Hold rallies in mid-sized towns across the country. They don’t need to be in big arenas. Go to high school gymnasiums. They will get just as much press in Rocky Mount as they will in Raleigh and they’ll send a message that those people in small towns matter, too. 

Learn to talk like regular people. Intersectionality may be a thing to activists but it means nothing to the people Democrats need to reach. Message is a noun. Quitting talking about messaging to people and just start talking to them. That involves listening to what they say and not just reading their opinions on polls or making observations in focus groups. Modern communication is a two-way street, not just force-feeding information to skeptical audiences.

Democrats need to stop talking primarily to themselves. They have a serious branding problem with a whole lot of middle-of-the road voters, especially in suburbia. Spend money everywhere. There’s no shortage of money in politics. We spent $14 billion on campaigns in 2020. 

I don’t have cable television in my house and don’t watch anything if it’s not streaming. However, I just spent a week at the beach where my parents regularly watch cable news. On Morning Joe on MSNBC, every other commercial was political. Some were Beasley spots. Some were pro-Biden, touting his accomplishments. Others bashed Republicans for being unpatriotic and anti-worker. “Good,” I thought. Then, I switched to CNN. I didn’t see one single political commercial. Not one. We watched Lester Holt every night at 6:30, just like we watched Huntley and Brinkley (because David Brinkley was from North Carolina) when I was a kid. Again, not one single ad. Quit thinking like a targeted campaign and talk to America, not just the base.  

Go canvas. Everywhere. And don’t stop. Canvas in areas where you need to get out the vote. Canvas in areas where Democrats are going to lose by double digits. Try to get into their bubble. Have conversations. Leave information for people who might otherwise only hear Fox News or talk radio. Democrats don’t need to win a lot of these areas but they do need to reduce the margin that they lose them. 
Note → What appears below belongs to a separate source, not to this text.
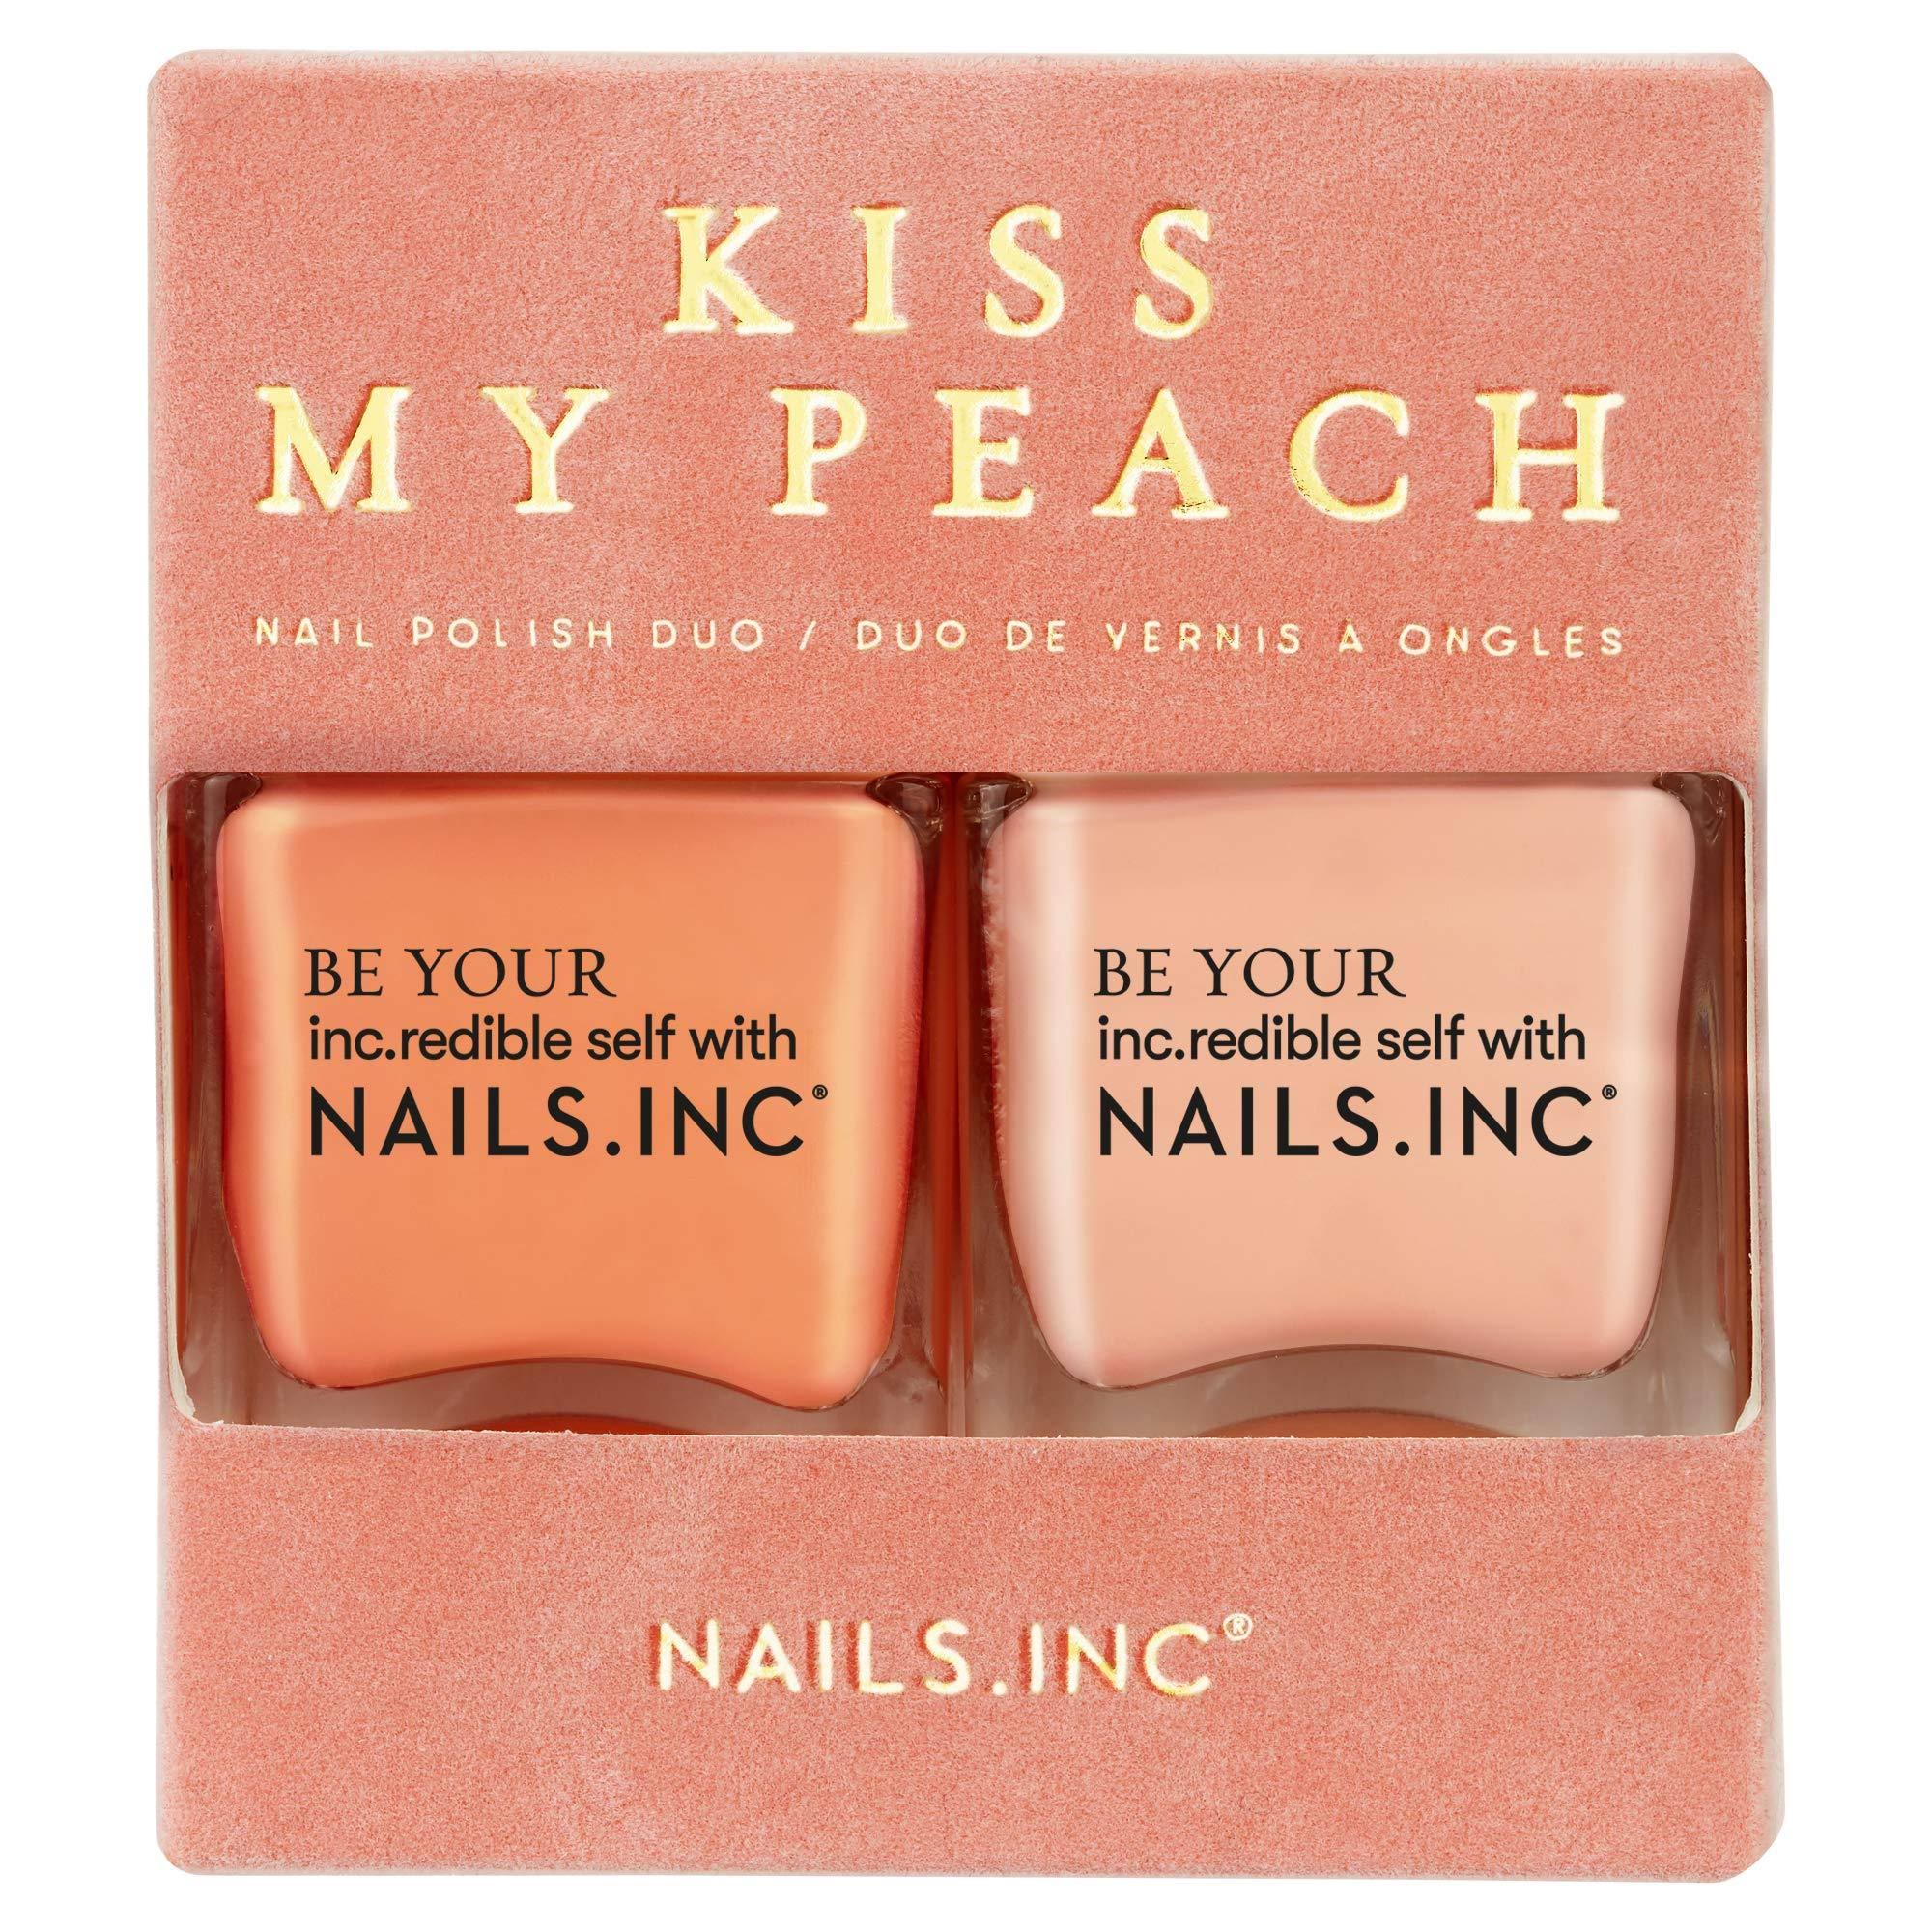 Nails Inc. Kiss My Peach Duo Nail Set

Bash Republicans. Relentlessly. Bash them for voting against a cap on insulin. Beat them up for failing to do one single thing to combat climate change. Let American know that Republicans stand with drug companies instead of seniors on fixed incomes. Beat them up for voting against supporting veterans who are suffering from ailments due to exposure to burn pits, even if they voted for it later. And finally, bash them for failing to hold their own accountable by covering up January 6. 
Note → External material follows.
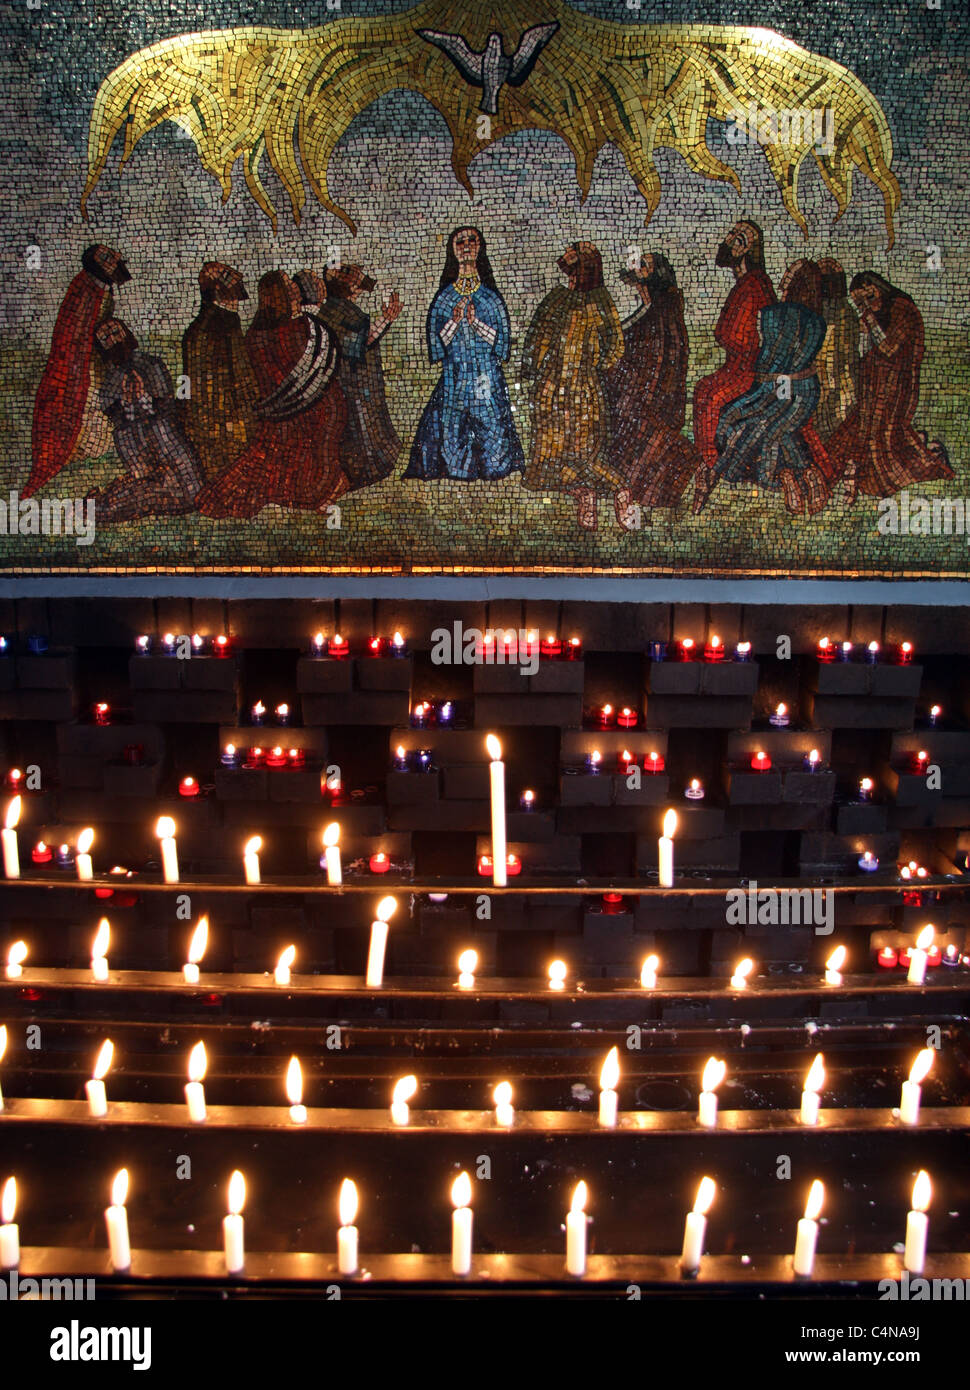 inneren Mosaikbild und Kerzen in Pantoffel Kapelle römisch-katholischen Walsingham Norfolk England UK Pilgerfahrt Website Ziel Stockfoto

Democrats have an opportunity to brand themselves as the party of responsibility and moderation after years of being portrayed as out of touch. Take advantage of it. Spend whatever it takes. Be ruthless. Brand Republicans as the extremists. Run ads of Republicans praising Nancy Pelosi for going to Taiwan and contrast it with ads of Ron Johnson suggesting we scrap Social Security and Medicare. Take advantage of the momentum and run hard all the way until November. And then, regardless of the outcome, don’t stop running.